Chinese stocks rallied, with the Shanghai Composite Index completing its biggest six-day advance since November 2008, on optimism government plans to boost foreign access to the nation’s markets will spur inflows.
Technology and consumer stocks led gains. More than 250 stocks rose by the 10 percent daily limit on the Shenzhen Composite Index -- the smaller of China’s two exchanges that has doubled this year and trades at 71 times reported earnings. China Shipbuilding Industry Co. and Avic Helicopter Co. paced gains by defense shares after the government published a white paper on military strategy that unveiled a greater naval role.

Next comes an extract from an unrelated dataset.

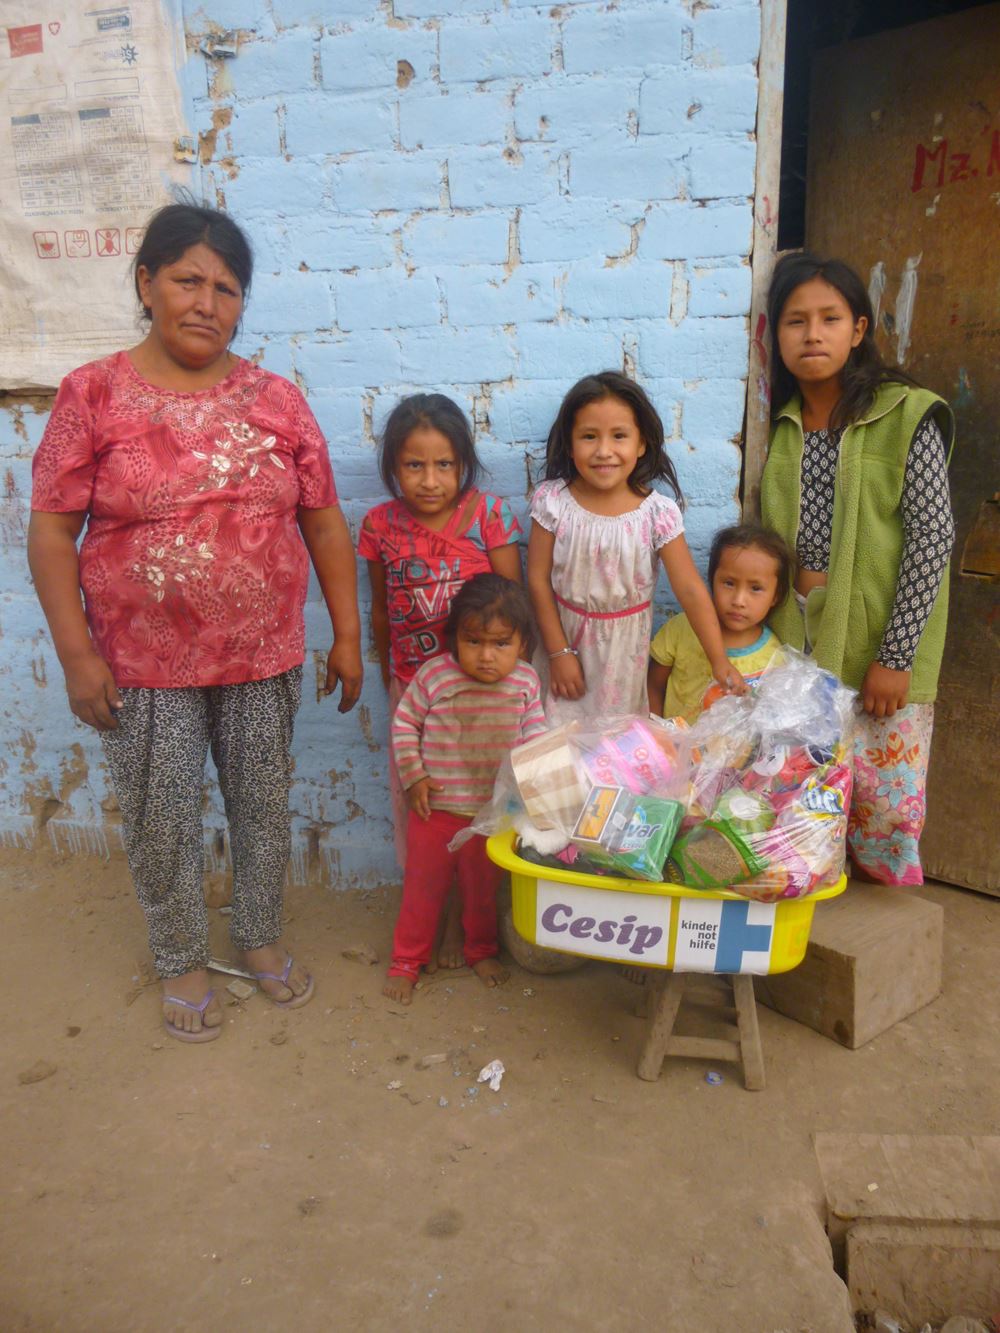 Familie Moran Silva - Verteilung von Hilfsgütern nach der Überschwemmung - Peru nach der Hochwasserkatastrophe im März 2017

The Shanghai Composite rose 2 percent to 4,910.90 at the close, taking its six-day rally to 15 percent, the most among major global benchmark indexes tracked by Bloomberg. The Shenzhen Composite climbed 3.6 percent. The government announced Friday that cross-border sales of funds will begin July 1, widening access to financial markets and capital in the world’s second-largest economy. A stock exchange link between Shenzhen and Hong Kong is due to start this year.
“Buying momentum is strong, backed by increasing trading volumes,” said Jimmy Zuo, a Shenzhen-based trader at Guosen Securities Co. “We do expect some hiccups ahead though as the Shanghai index approaches the 5,000 mark.”
Turnover on the Shanghai exchange jumped to $174 billion on Monday, the second highest on record, while trading volumes were 25 percent above the 30-day average on Tuesday. Hong Kong’s Hang Seng China Enterprises Index increased 2.6 percent, while the Hang Seng Index added 0.9 percent. Hong Kong’s markets were closed Monday for a holiday. The CSI 300 Index, which surpassed the 5,000 level Monday, increased 1.9 percent.
The Shanghai Composite has surged 142 percent over the past year, after the central bank cut interest rates three times since November to support the economy, margin trading jumped to a record and an exchange link between Shanghai and Hong Kong started.
Gauges of technology and consumer-discretionary shares in the CSI 300 gained at least 3.6 percent for the biggest advance among 10 industry groups. Sanan Optoelectronics Co. and Suning Commerce Group Co. both jumped 10 percent.
Avic Aircraft Co. rallied by the daily limit in Shenzhen. The People’s Liberation Army will add “open seas protection” to “offshore waters defense” on a list of core naval missions, according to the country’s 2015 defense white paper. China must expand on its “active defense strategy” to meet the demands of a new historical era.
China and Hong Kong approved cross-border sales from July 1 in a move that will widen access to financial markets and capital in the world’s second-largest economy. The initial quota will be a total 600 billion yuan ($97 billion), split evenly in each direction.
“Most people expect the Hong Kong market to benefit from the mutual fund recognition and go up,” said Yen Chiu, a Hong Kong-based trader at Shenwan Hongyuan Group. “There’s a great catch-up rally after A shares jumped yesterday.”
The aggregate investment quota for the Shanghai-Hong Kong link will be abolished when a similar equity link starts with the Shenzhen bourse, Ming Pao reported Tuesday, citing unidentified people. The daily quota limit will be increased, the Hong Kong newspaper reported. Hong Kong Exchanges & Clearing Ltd. is preparing for the Shenzhen program to begin in the second half of 2015, while the date may be announced by the end of June, Chairman Chow Chung Kong said last month.
Margin traders increased holdings of shares purchased with borrowed money, with the outstanding balance of margin debt in Shanghai climbing to 1.32 trillion yuan to approach a record high set on May 21.
The China Securities Regulatory Commission gave written approvals for initial public offerings to 23 companies, the regulator said in a statement on its microblog on Friday. Five companies including China National Nuclear Corp. will be listed on the Shanghai stock exchange, while 18 will do so in the Shenzhen bourse, it said.